§ What you need to do:
Repeat the data that follows exactly, starting at the line with "Additive manufacturing processing" and ending at the line with "This Pandemic Isn't", and leave out every picture.

§ Extracted entries:
════════════════

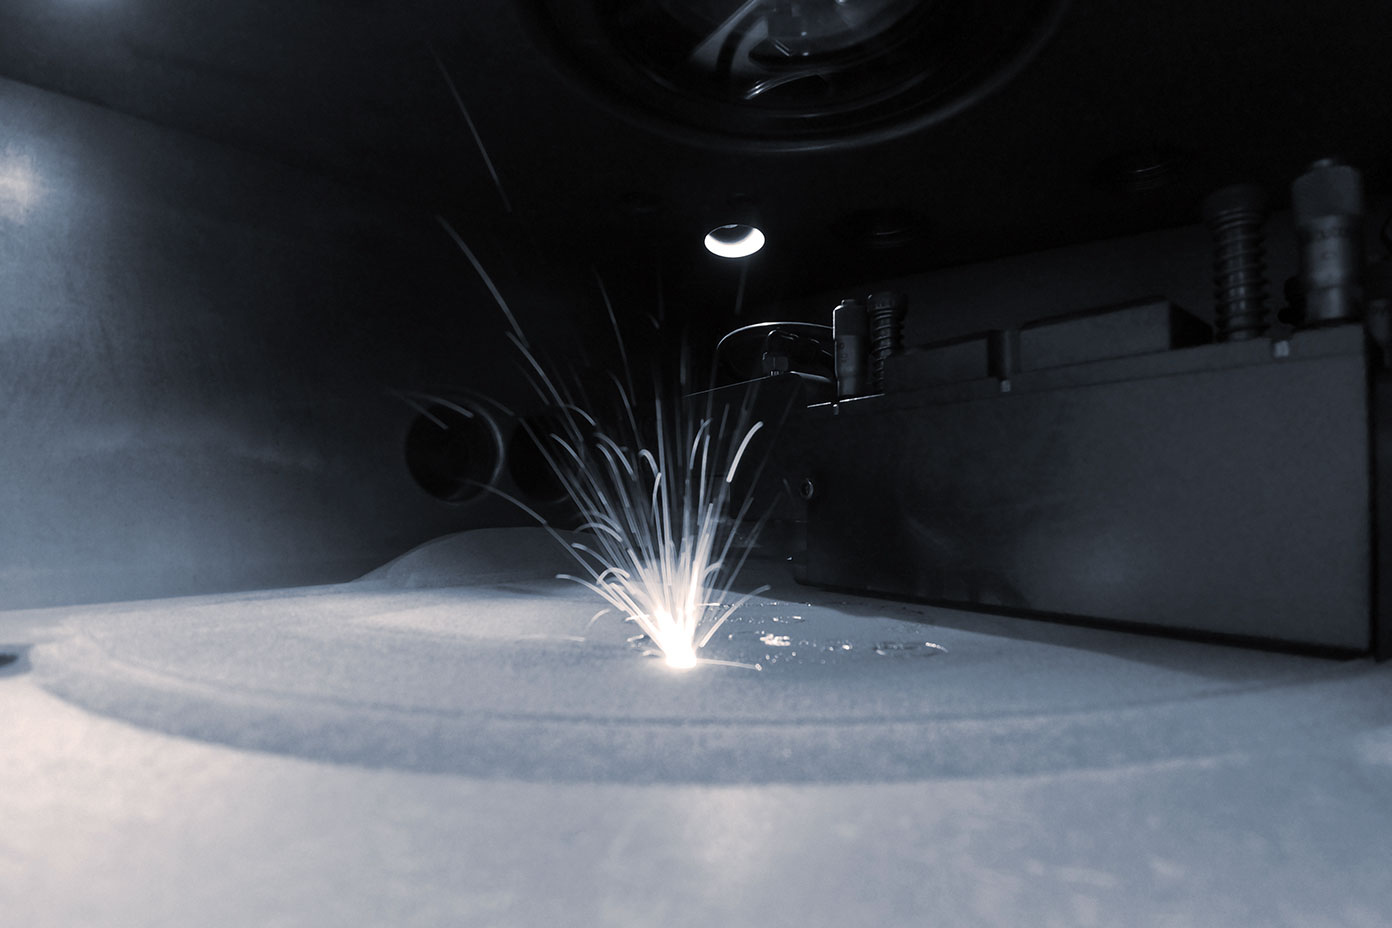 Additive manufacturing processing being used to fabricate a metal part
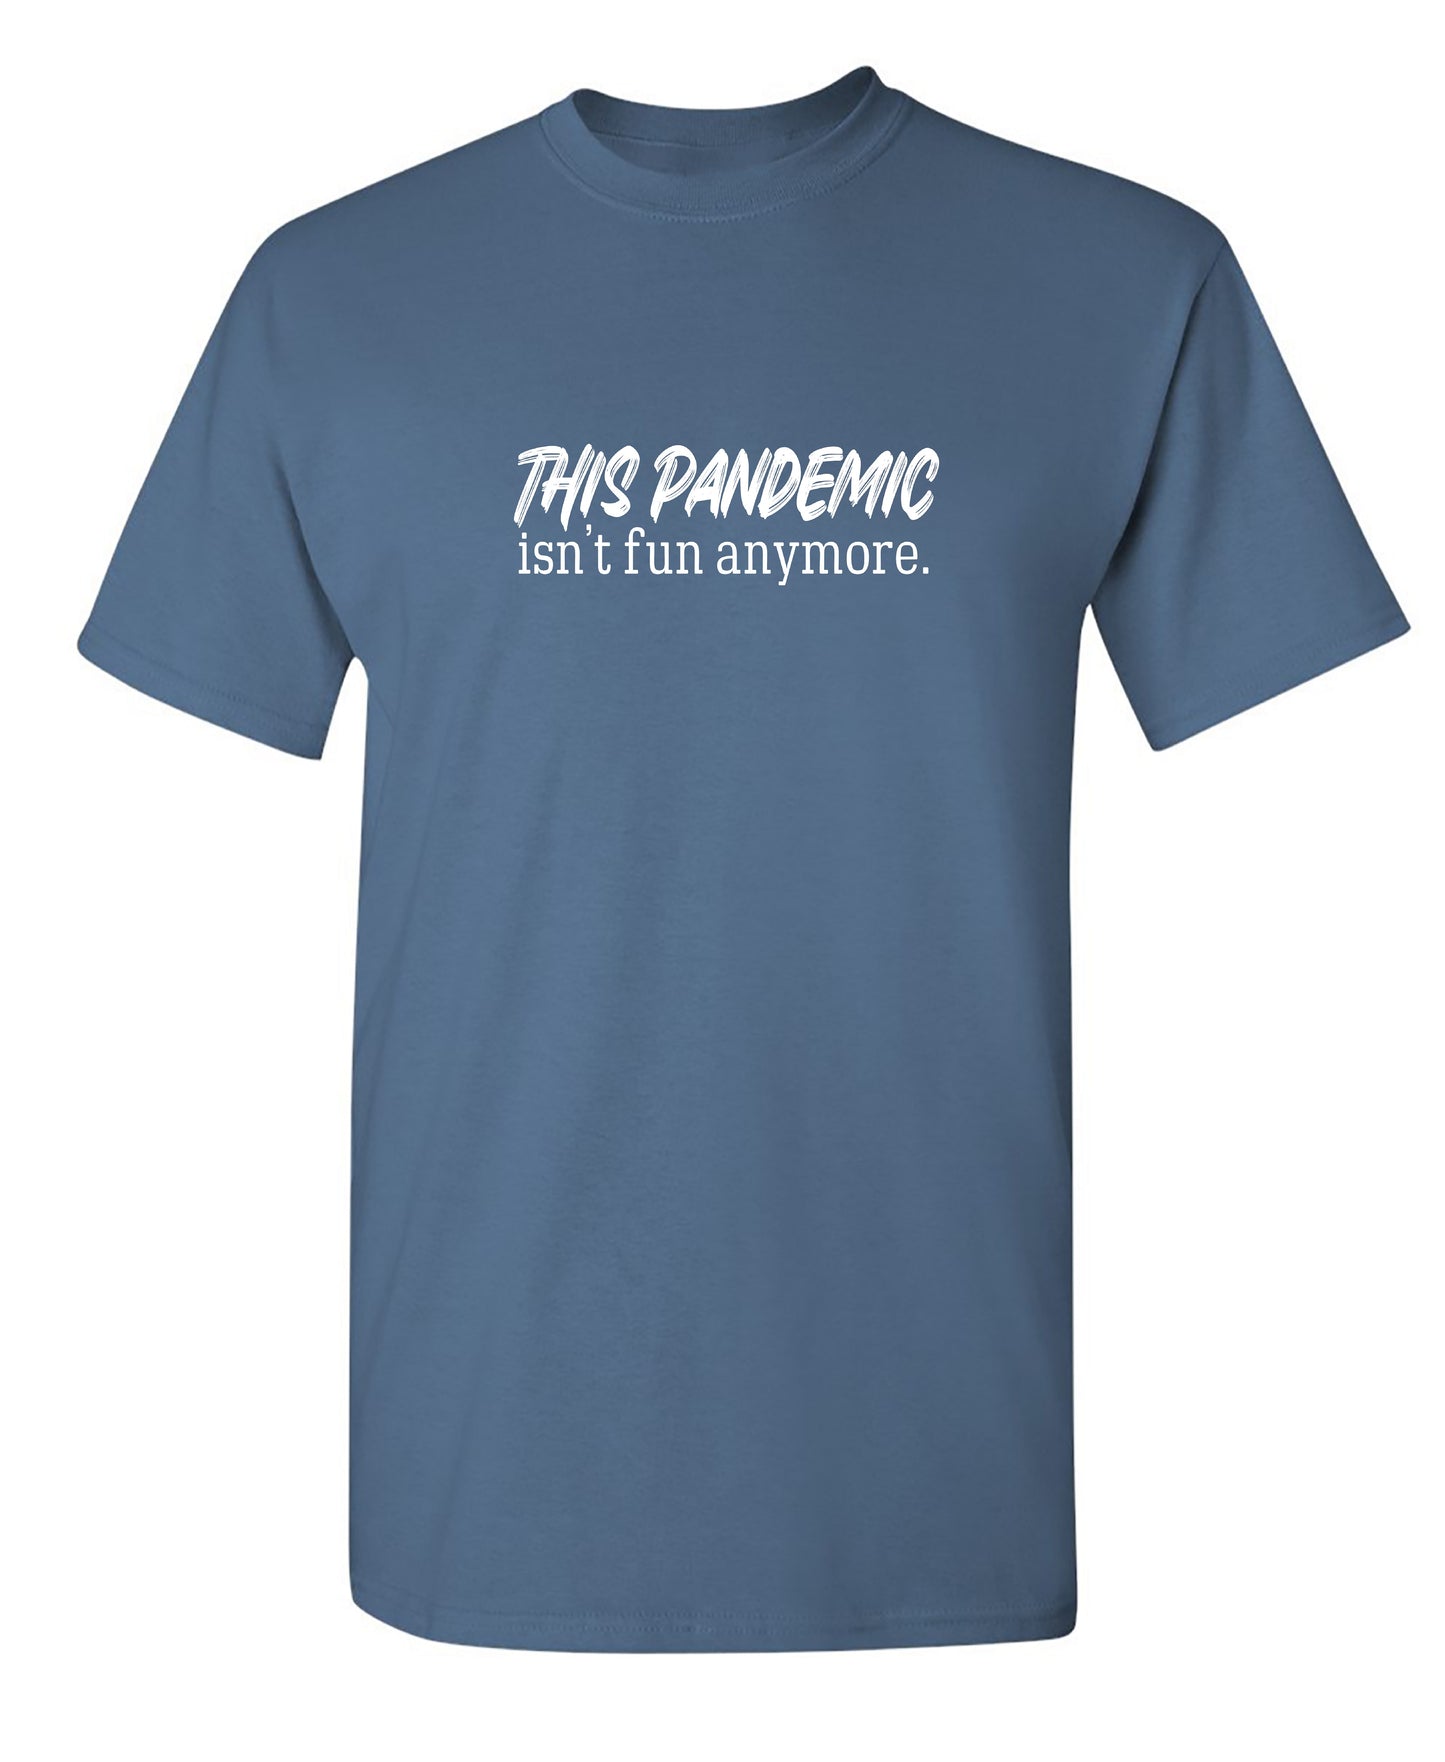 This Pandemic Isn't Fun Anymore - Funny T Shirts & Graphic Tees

════════════════

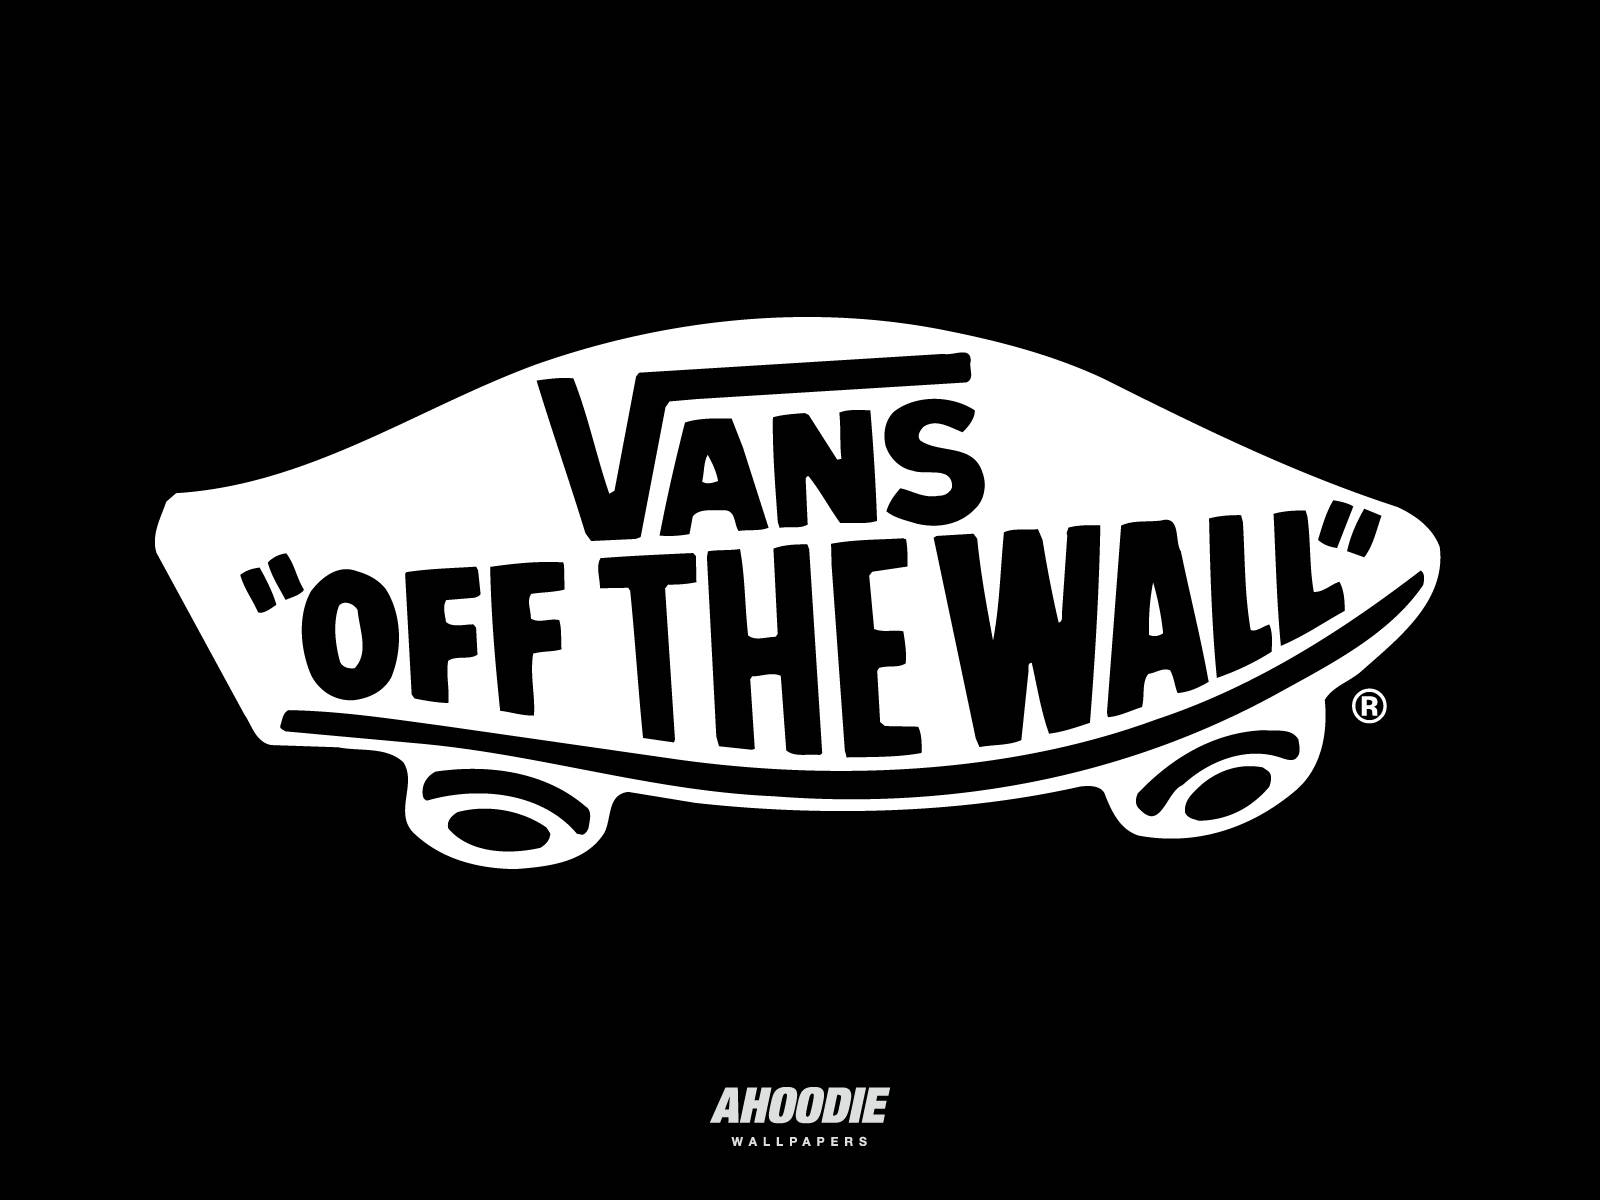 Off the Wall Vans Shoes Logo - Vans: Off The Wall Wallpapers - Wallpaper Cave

════════════════

§ Task solution:
 Additive manufacturing processing being used to fabricate a metal part
 This Pandemic Isn't Fun Anymore - Funny T Shirts & Graphic Tees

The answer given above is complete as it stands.